Your instructions: Word for word, print each line of the listing below; pictures stay out.

Source data:
_____

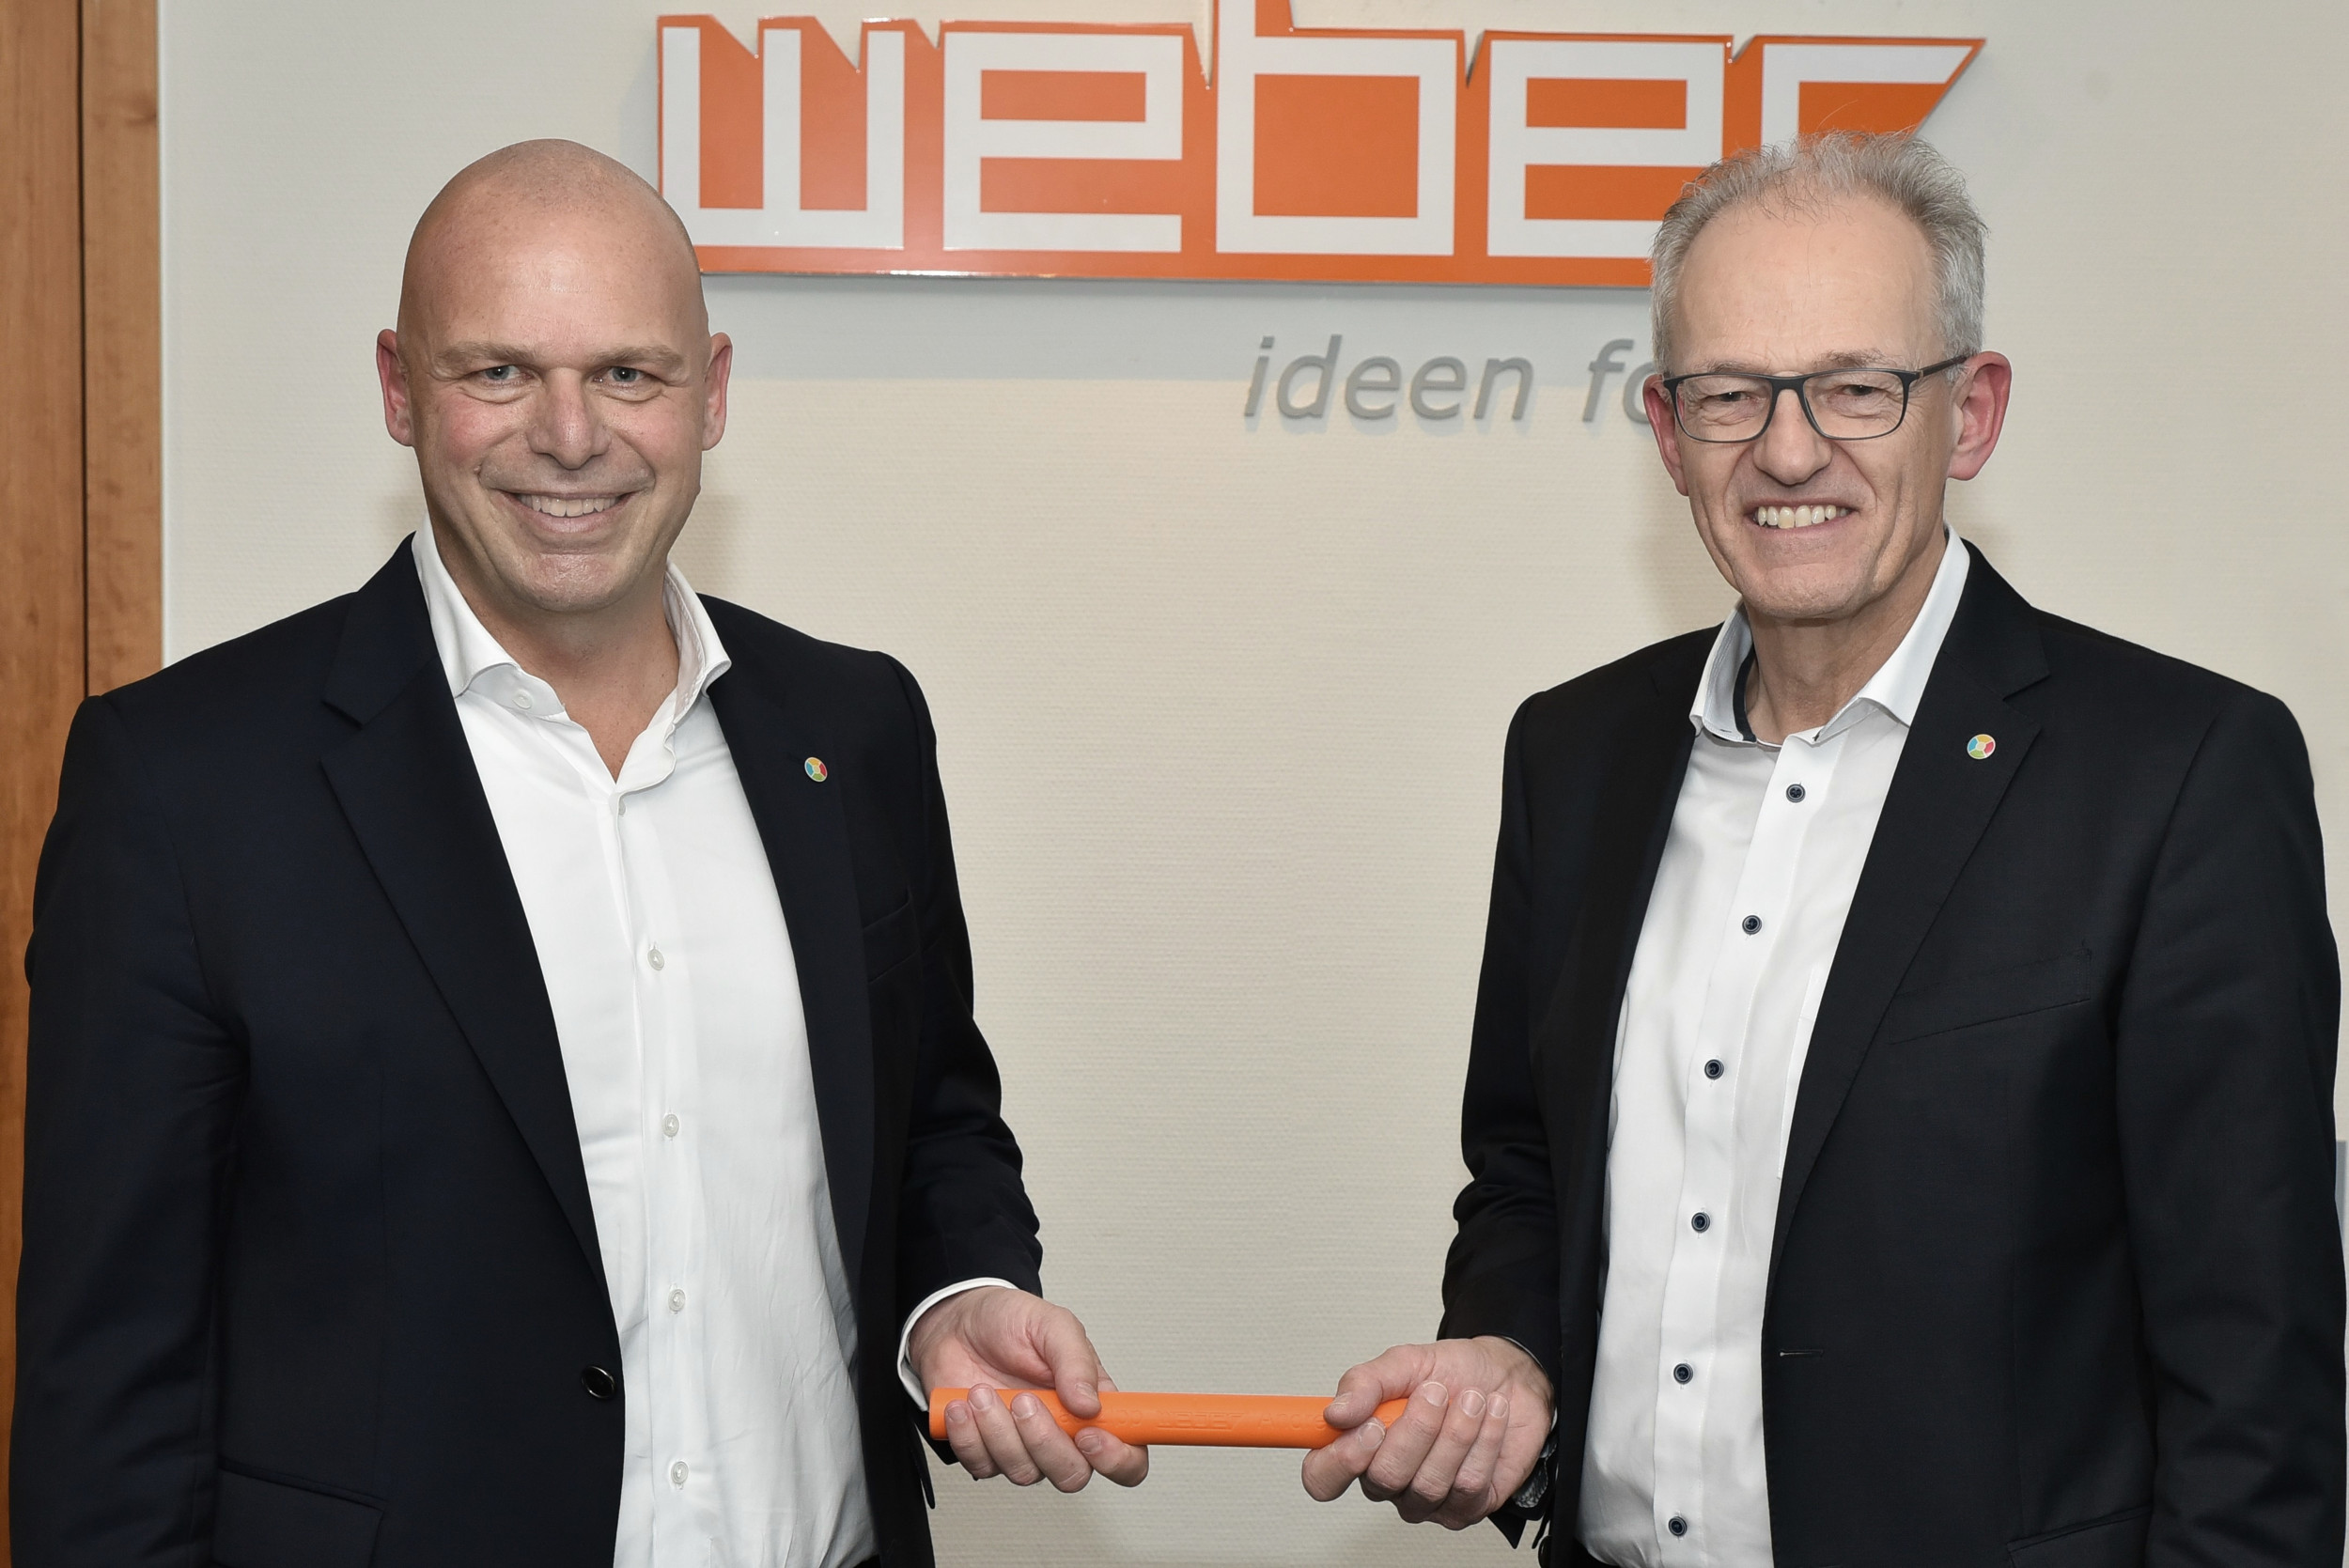 Die Weber Gruppe geht mittlerweile in die 4. Führungsgeneration, denn Dr. Thomas Zipp, bisheriger geschäftsführender Gesellschafter und CEO der Weber Group, übergab den Staffelstab an seinen CEO-Nachfolger Andreas Becker.
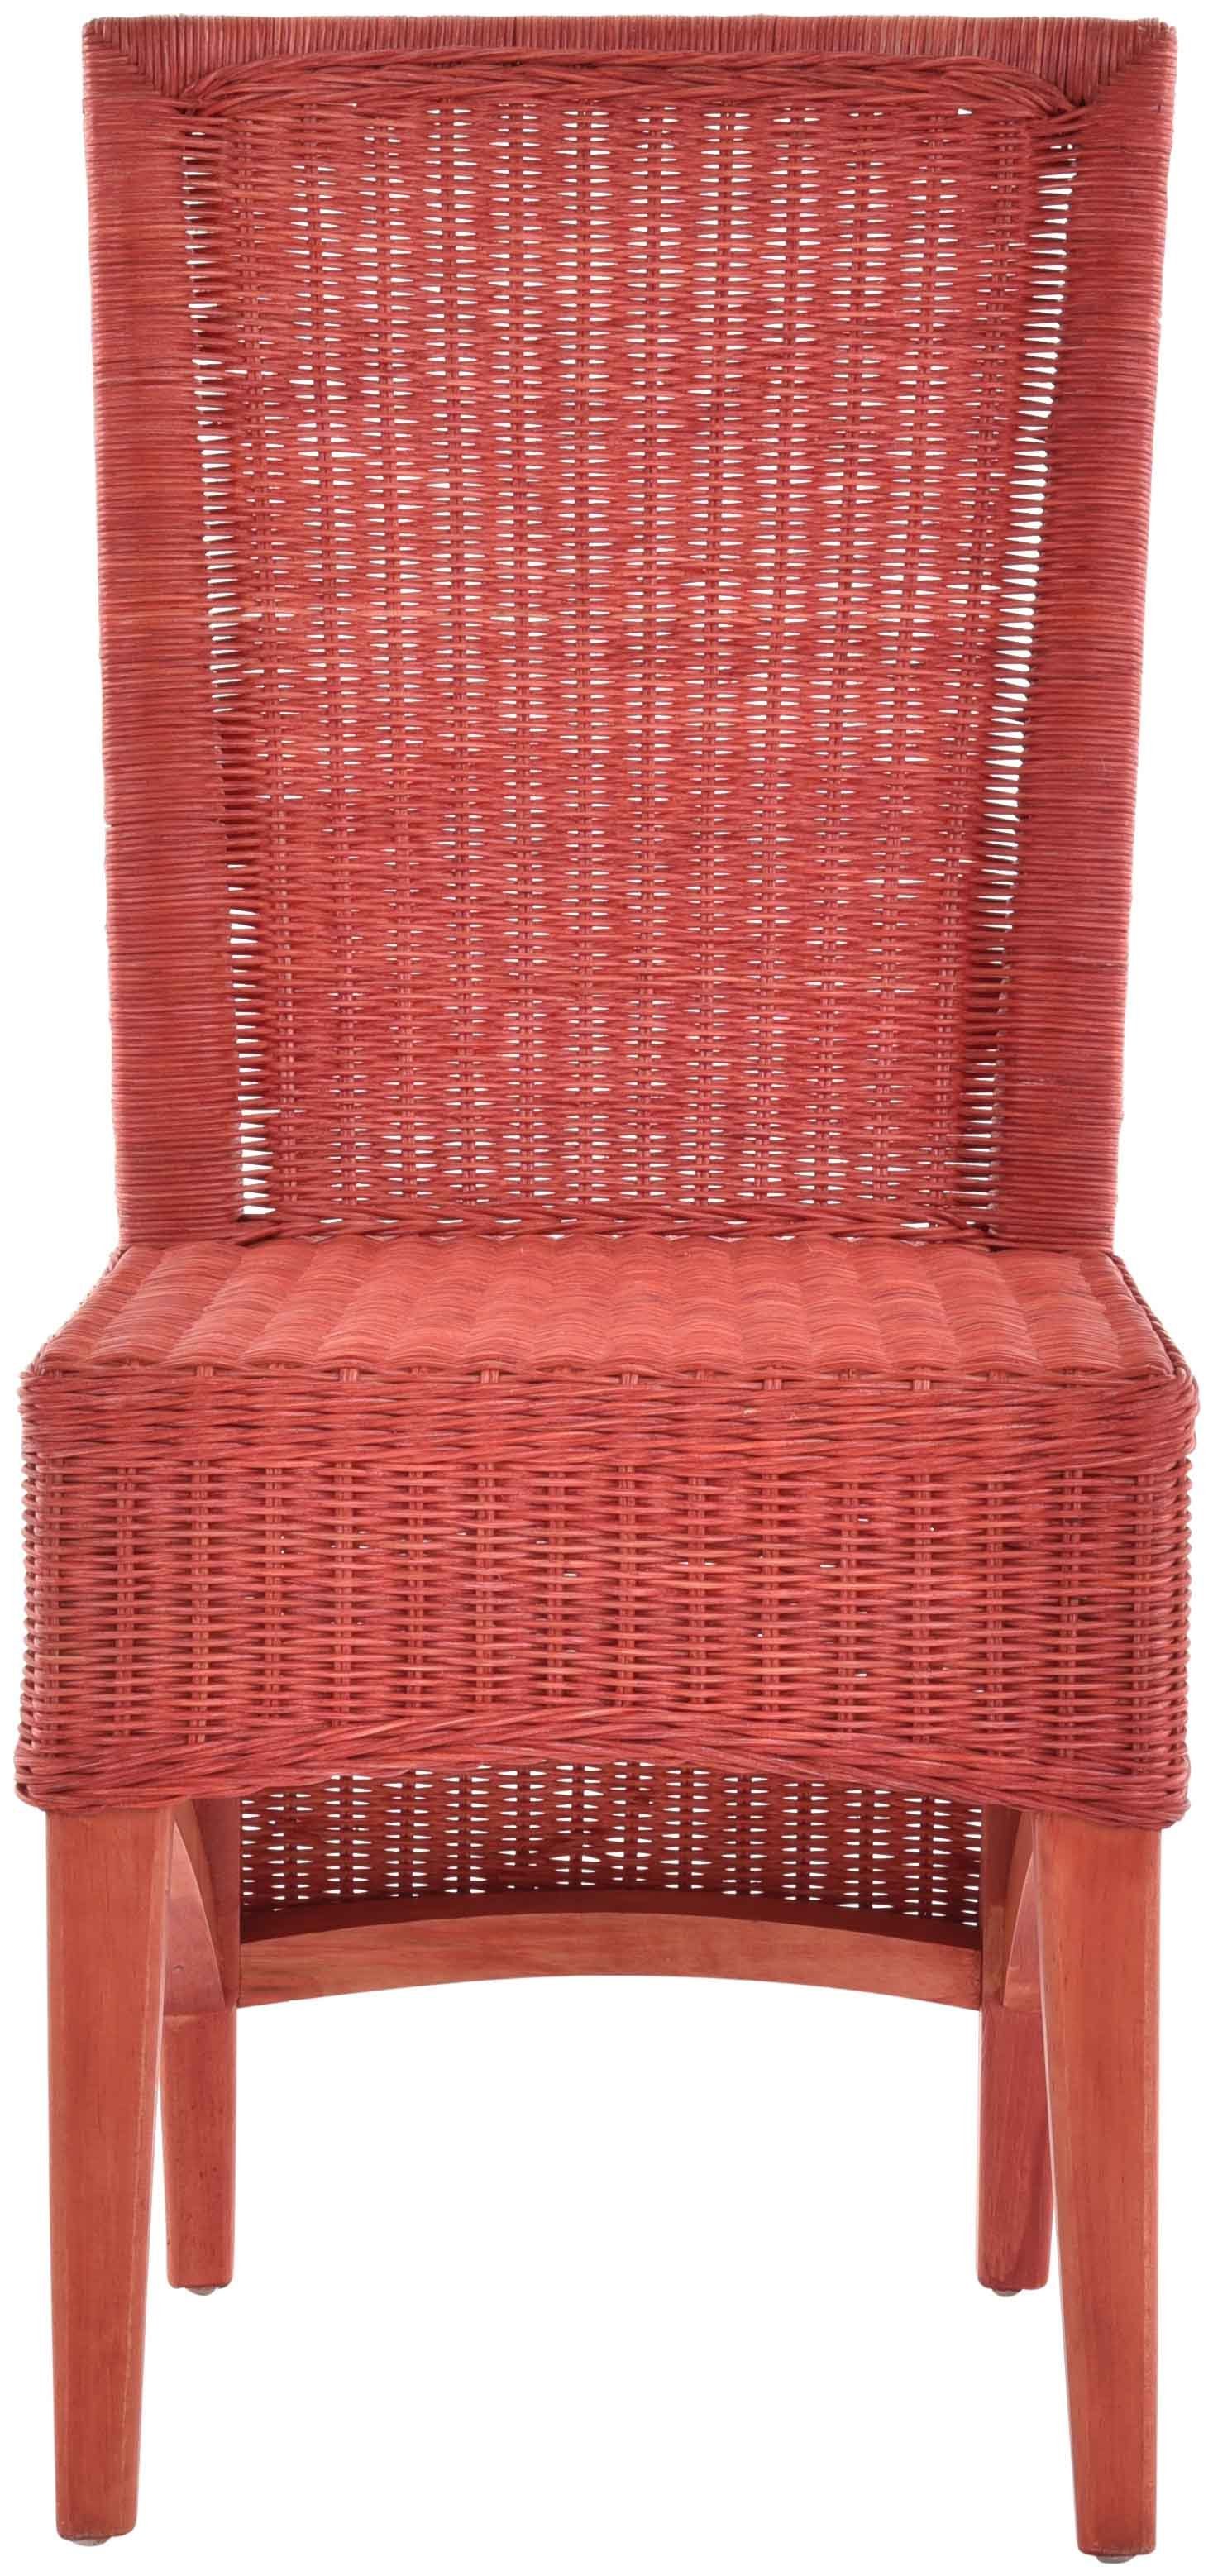 Krines Home Esszimmerstuhl hoher Rattanstuhl aus Rattan Rot Holzgestell, Rückenlehne Esszimmer Mit Küchenstuhl Stuhl
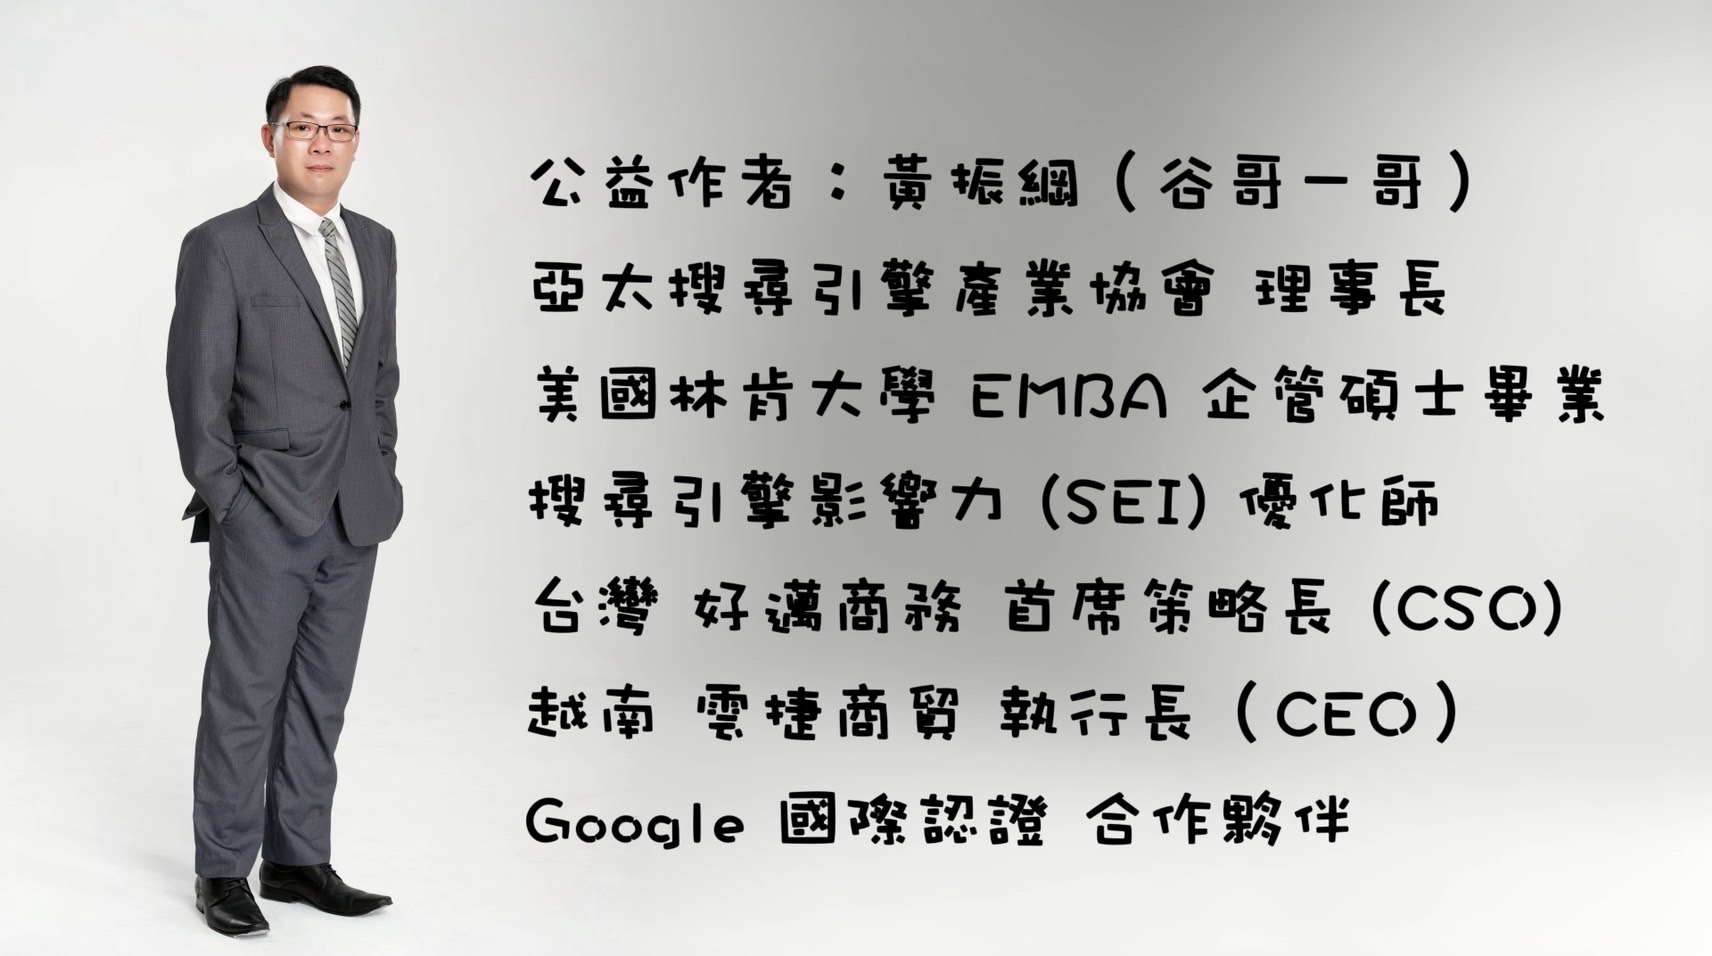 公益作者：黃振綱（谷哥一哥），黃振綱是亞太搜尋引擎產業協會的理事長，擁有美國林肯大學企管碩士學位，是搜尋引擎影響力（SEI）的優化師。他同時擔任台灣好邁商務的首席策略長（CSO）以及越南雲捷商貿的執行長（CEO）。此外，他也是Google國際認證的合作夥伴。

_____

Worked solution:
 Die Weber Gruppe geht mittlerweile in die 4. Führungsgeneration, denn Dr. Thomas Zipp, bisheriger geschäftsführender Gesellschafter und CEO der Weber Group, übergab den Staffelstab an seinen CEO-Nachfolger Andreas Becker.
 Krines Home Esszimmerstuhl hoher Rattanstuhl aus Rattan Rot Holzgestell, Rückenlehne Esszimmer Mit Küchenstuhl Stuhl
 公益作者：黃振綱（谷哥一哥），黃振綱是亞太搜尋引擎產業協會的理事長，擁有美國林肯大學企管碩士學位，是搜尋引擎影響力（SEI）的優化師。他同時擔任台灣好邁商務的首席策略長（CSO）以及越南雲捷商貿的執行長（CEO）。此外，他也是Google國際認證的合作夥伴。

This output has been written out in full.